The Fifth Child, written by Doris Lessing explores the idea of perfection if in actuality it is achievable. Throughout this essay, I will prove Lessing’s role as hostile narrator. Lessing paints a very negative picture of the Lovatts’ from the very beginning of her novel and continues to do so throughout its entirety. “Harriet and David met each other at an office party neither had particularly wanted to go to, and both knew at once that this is what they had been waiting for”(7). Throughout the novel, The Fifth Child by Doris Lessing, Harriet and David discover the dangers of perfection in the face of an imperfect world. In the beginning of the novel Lessing shows Harriet and David successfully constructing the perfect life they both dreamt of - an "old-fashioned" life centered on togetherness, family, and contentment. However, the perfect life they attempted to create is in severe contrast to the actuality of the world that goes on outside their home. As this external reality becomes a part of their every day life, their dreams of perfection seem futile and unachievable. In the end, the perfect world they attempted to establish is lost completely in the darkness of a flawed world.


Lessing adds further imperfection to the lives of Harriet and David during an otherwise perfect family Christmas, "a cloud…Sarah and her husband, William were unhappily married, and quarreled and made up, but she was pregnant with her fourth, and a divorce was impossible" (28). Lessing adds a further ominous cloud when Sarah’s baby is not a perfect baby but rather is affected by Downs Syndrome. Harriet remarks to David, foreshadowing future events, that "Sarah and William's unhappiness, their quarrelling, had probably attracted the Mongol child" (29). This statement of Harriet is, I believe, very well placed by Lessing. It causes the reader to begin thinking of the possible outcomes of the Lovatts very selfish desire for perfection.

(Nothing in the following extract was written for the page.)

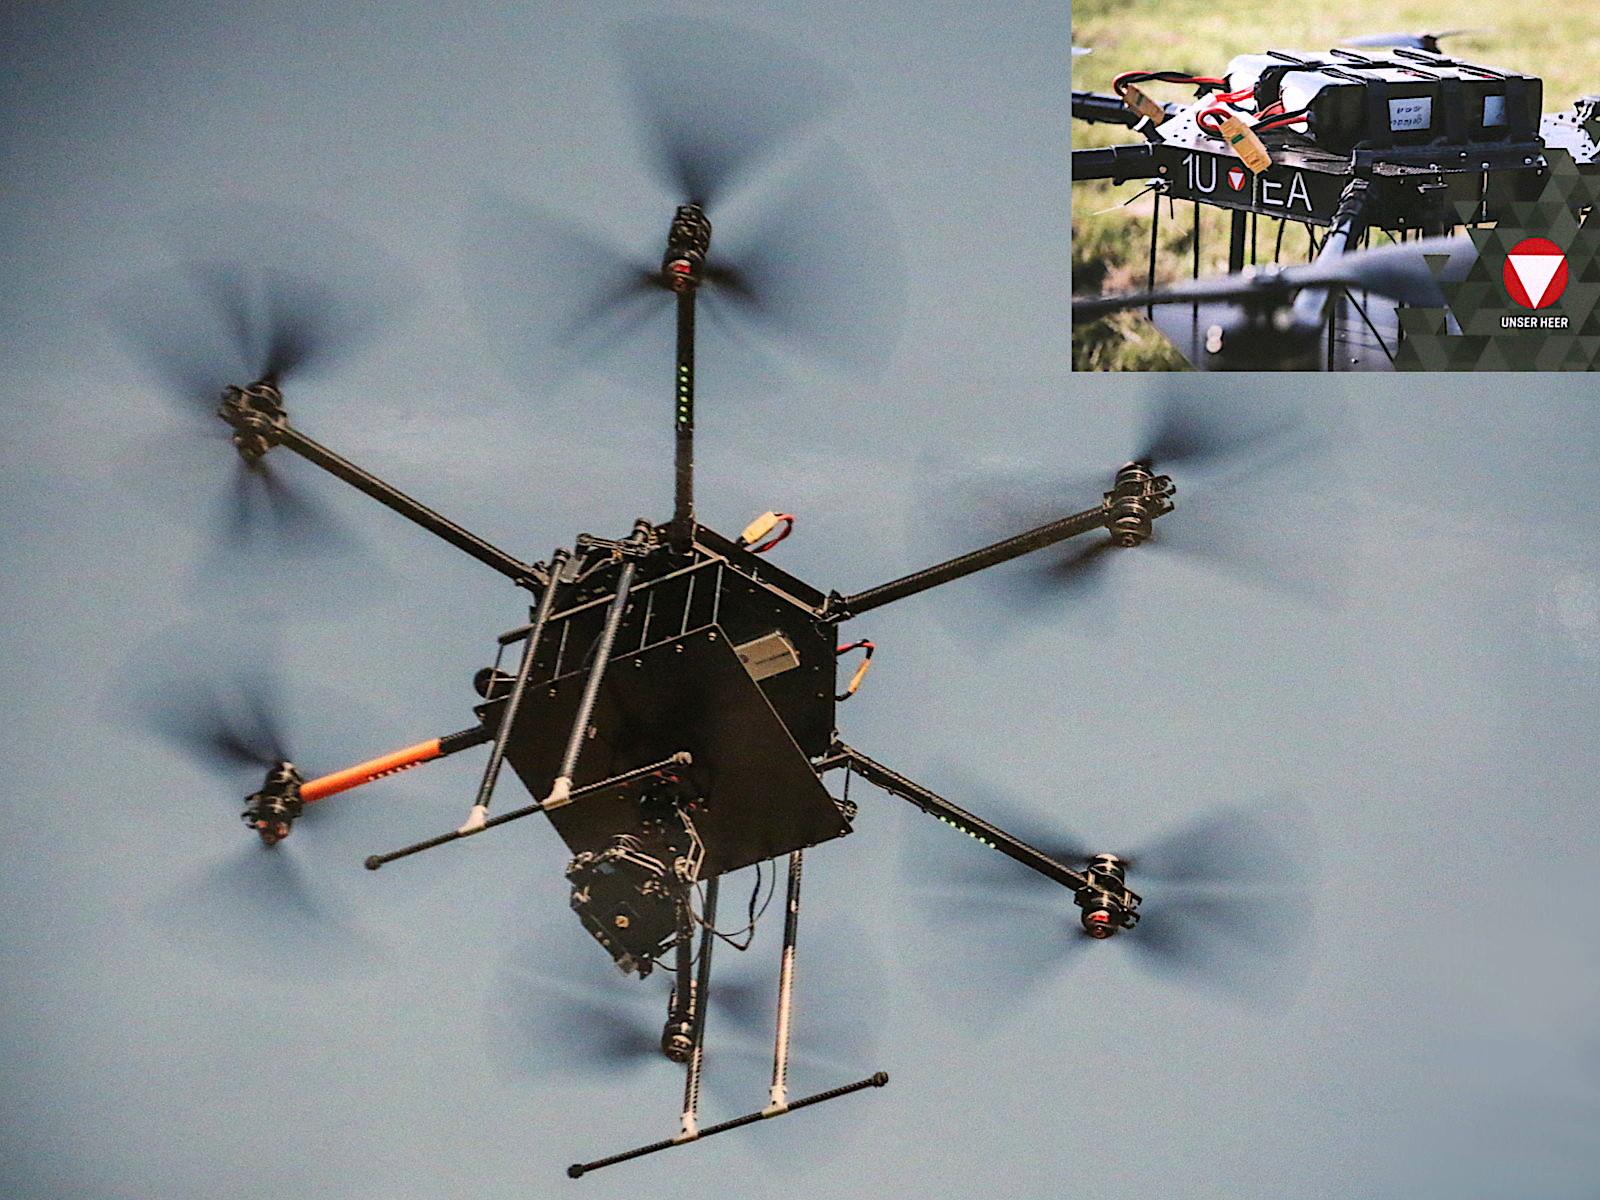 Dodeka Drohne der Luftbildaufklärung mit militärischer Kennung 1U-EA © Doppeladler.com

Her pregnancy with Ben is insufferable, and her misery dampens the spirit of the house, a house which cannot handle "tears and misery". "The quietly insistent patient quality that had brought them together…this demand on life, which had been met in the past with respect (grudging or generous), was now showing its reverse side, in Harriet lying pale and unsociable on her bed" (47). A division in the family begins to show itself because of Harriet's pain, which is so bad that she takes massive amounts of tranquilizers. Harriet feels at times that she is pregnant with something evil, an "enemy" (51), perhaps even Satanic: "Sometimes she believed hooves were cutting her tender inside flesh, sometimes claws” (51). Her pregnant state is symbolic of imperfection and evil growing deep within the family.

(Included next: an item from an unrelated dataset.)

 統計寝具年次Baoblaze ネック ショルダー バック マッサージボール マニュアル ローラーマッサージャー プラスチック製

"The little town they lived in had changed in the five years they had been [there]. Brutal incidents and crimes, once shocking everyone, were now commonplace…The house next door had been burgled three times: the Lovatts' not yet, but then there were always people about…There was an ugly edge on events: more and more it seemed that two peoples lived in England, no one - enemies, hating each other who could not hear what the other said. The young Lovatts made themselves read the papers, and watch the News on television, though their instinct was to do neither. At least they ought to know what went on outside their fortress, their kingdom, in which three precious children were nurtured, and where so many people came to immerse themselves in safety, comfort, and kindness" (30). Thus we see that the troubled world is getting closer and closer to penetrating the Lovatts' "fortress," as close as the house next door. It is shortly after this that Harriet first refers to herself as "a criminal" (34), implying that she is somehow breaking the laws of society. Her crime is attempting to have a perfect life in an imperfect world.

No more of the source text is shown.